• Working data
□ □ □ □

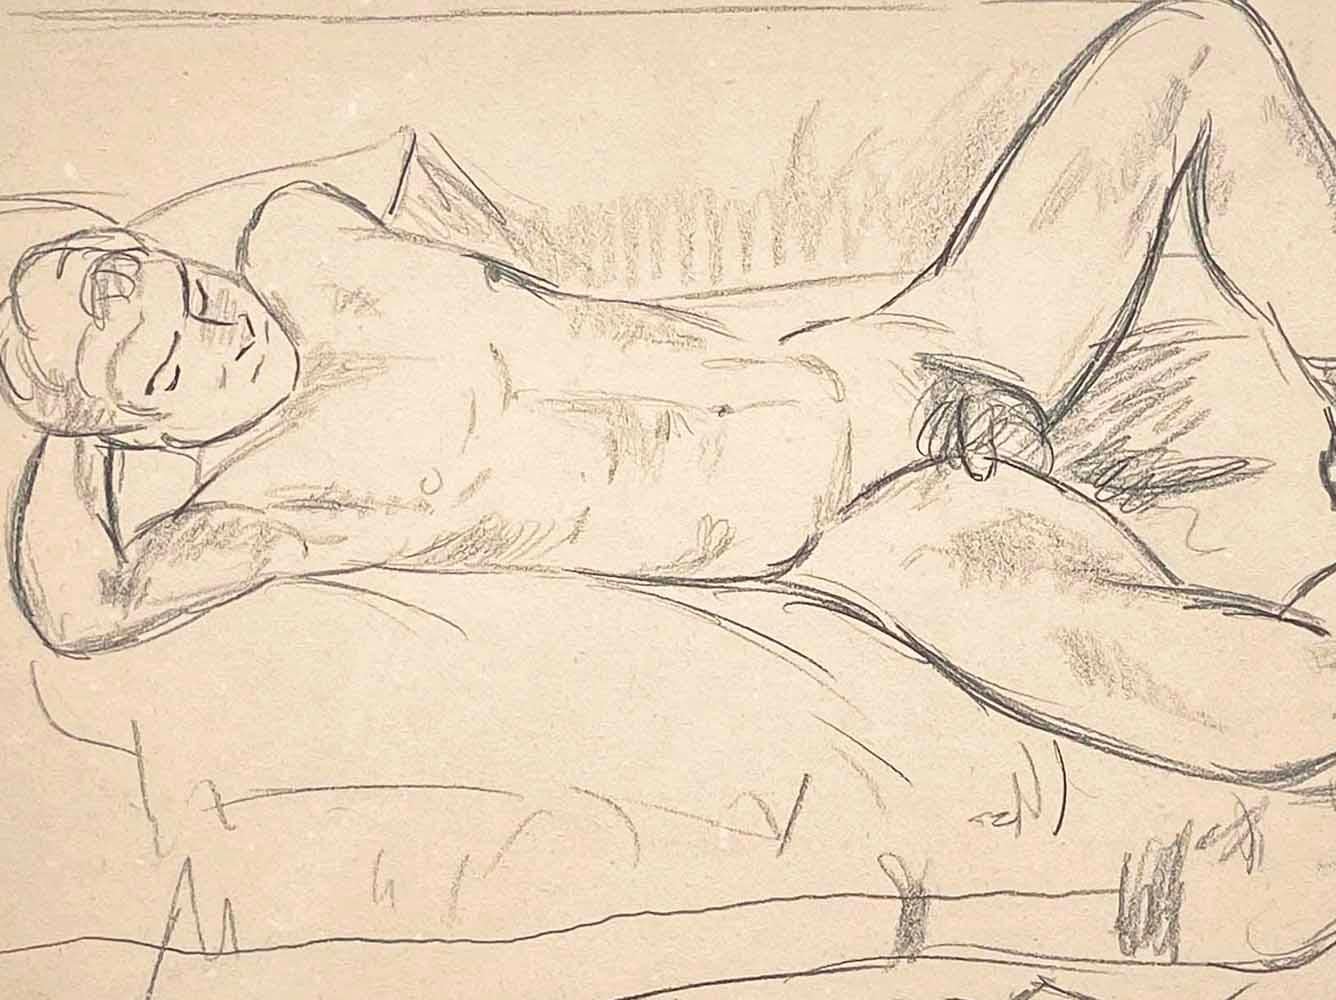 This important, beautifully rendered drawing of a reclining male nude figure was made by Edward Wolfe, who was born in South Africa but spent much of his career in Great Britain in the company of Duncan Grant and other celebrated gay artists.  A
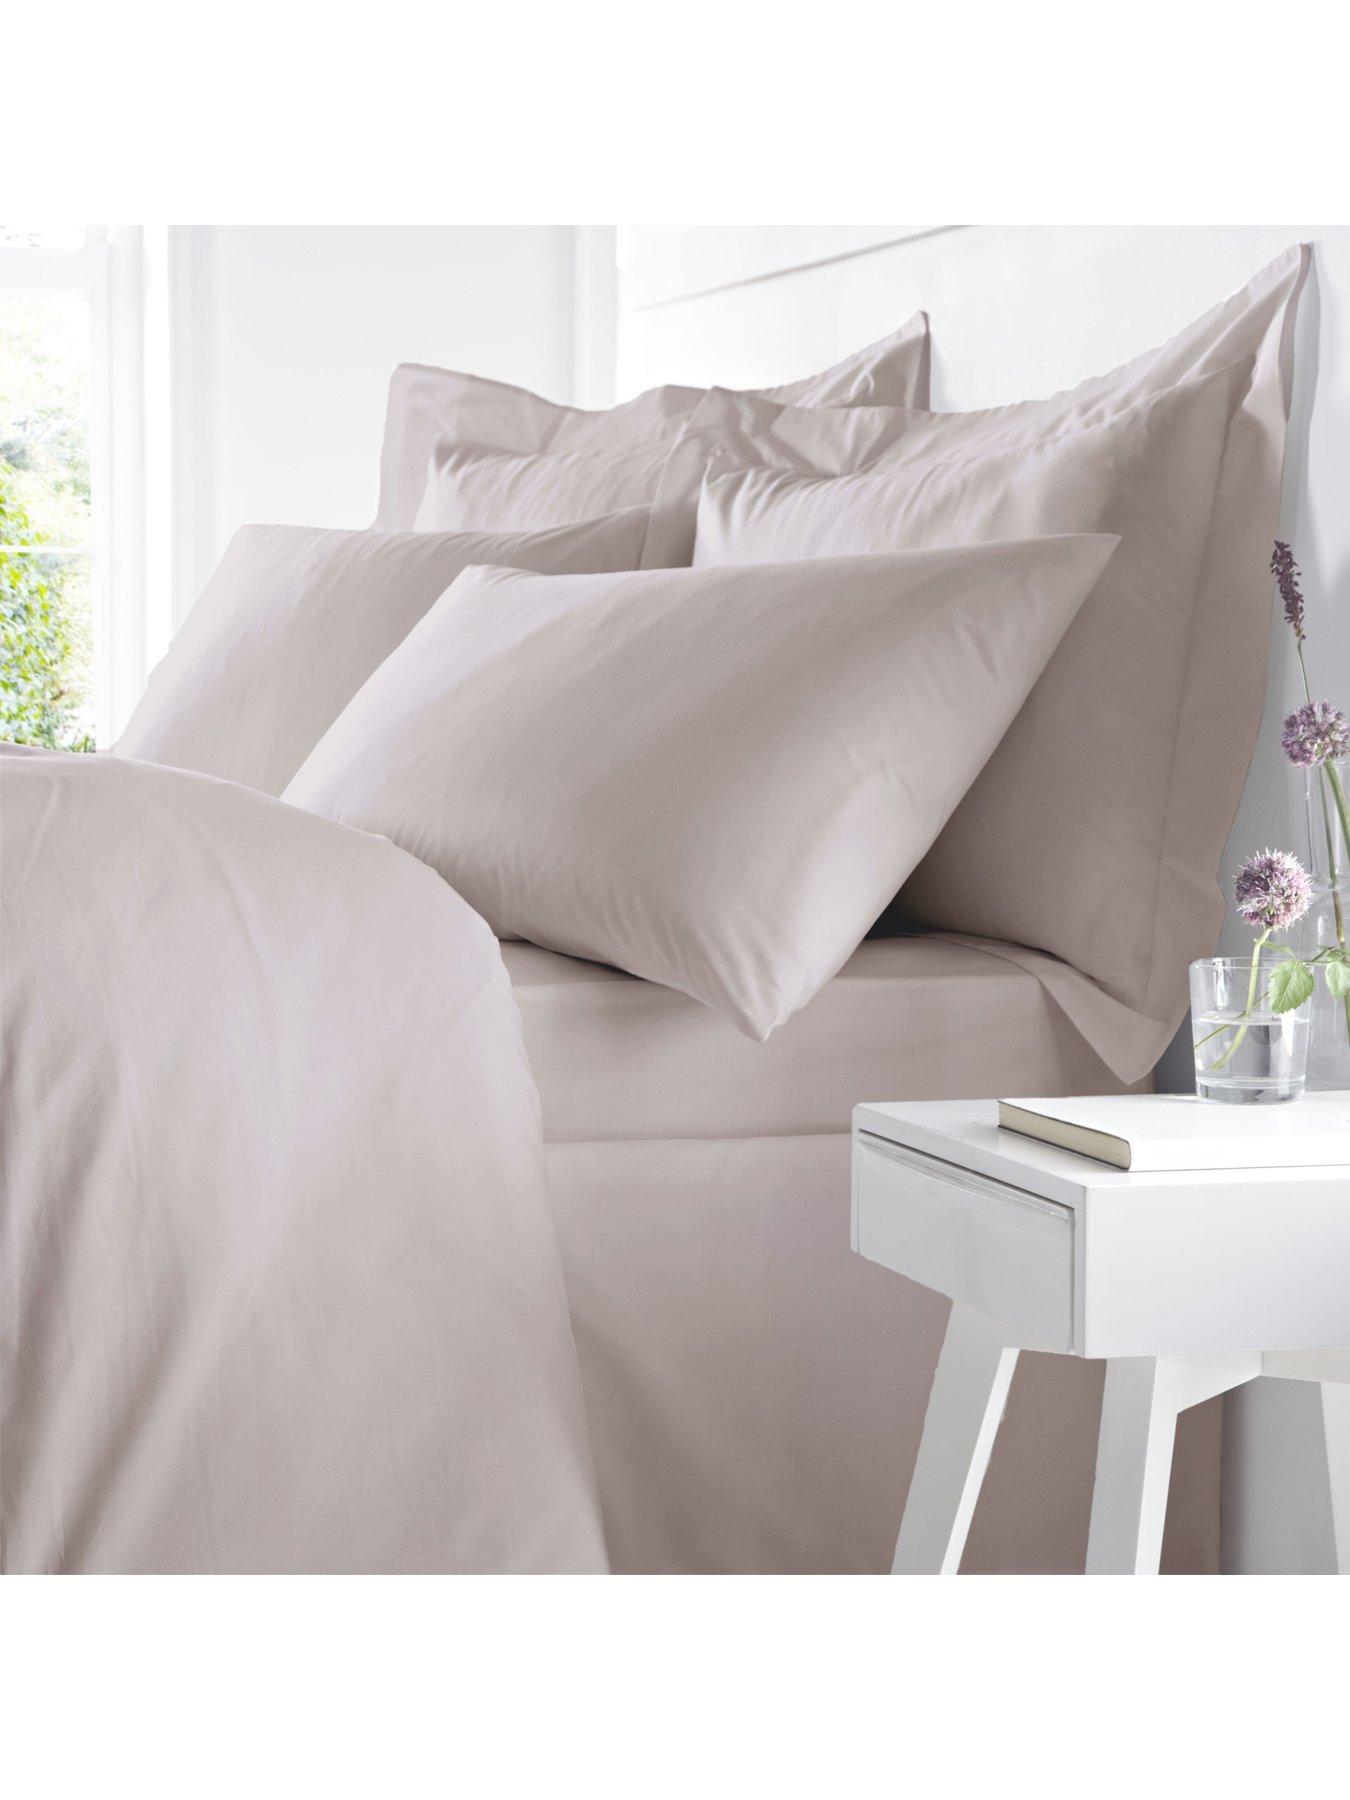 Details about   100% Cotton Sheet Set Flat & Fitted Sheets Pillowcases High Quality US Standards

□ □ □ □

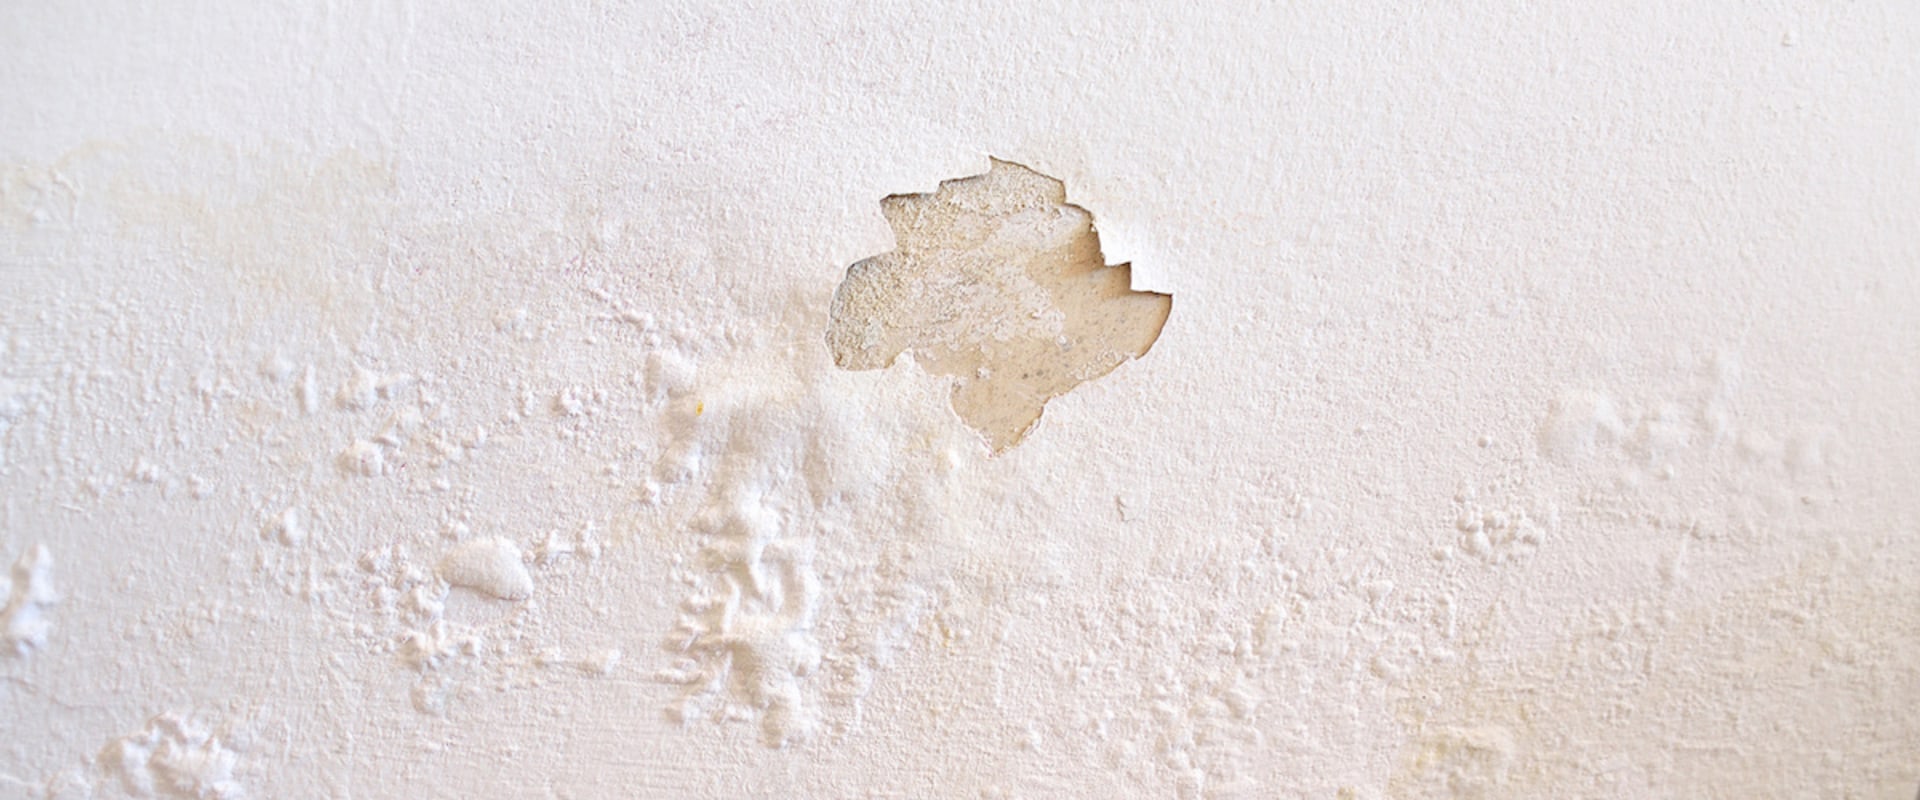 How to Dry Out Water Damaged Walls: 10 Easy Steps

□ □ □ □

• Task prompt
Transcribe, word for word, the lines of the listing above from the one that contains "This important, beautifully" through the one that contains "Quality US Standards", keeping both ends and dropping the pictures.

• Exercise result
 This important, beautifully rendered drawing of a reclining male nude figure was made by Edward Wolfe, who was born in South Africa but spent much of his career in Great Britain in the company of Duncan Grant and other celebrated gay artists.  A
 Details about   100% Cotton Sheet Set Flat & Fitted Sheets Pillowcases High Quality US Standards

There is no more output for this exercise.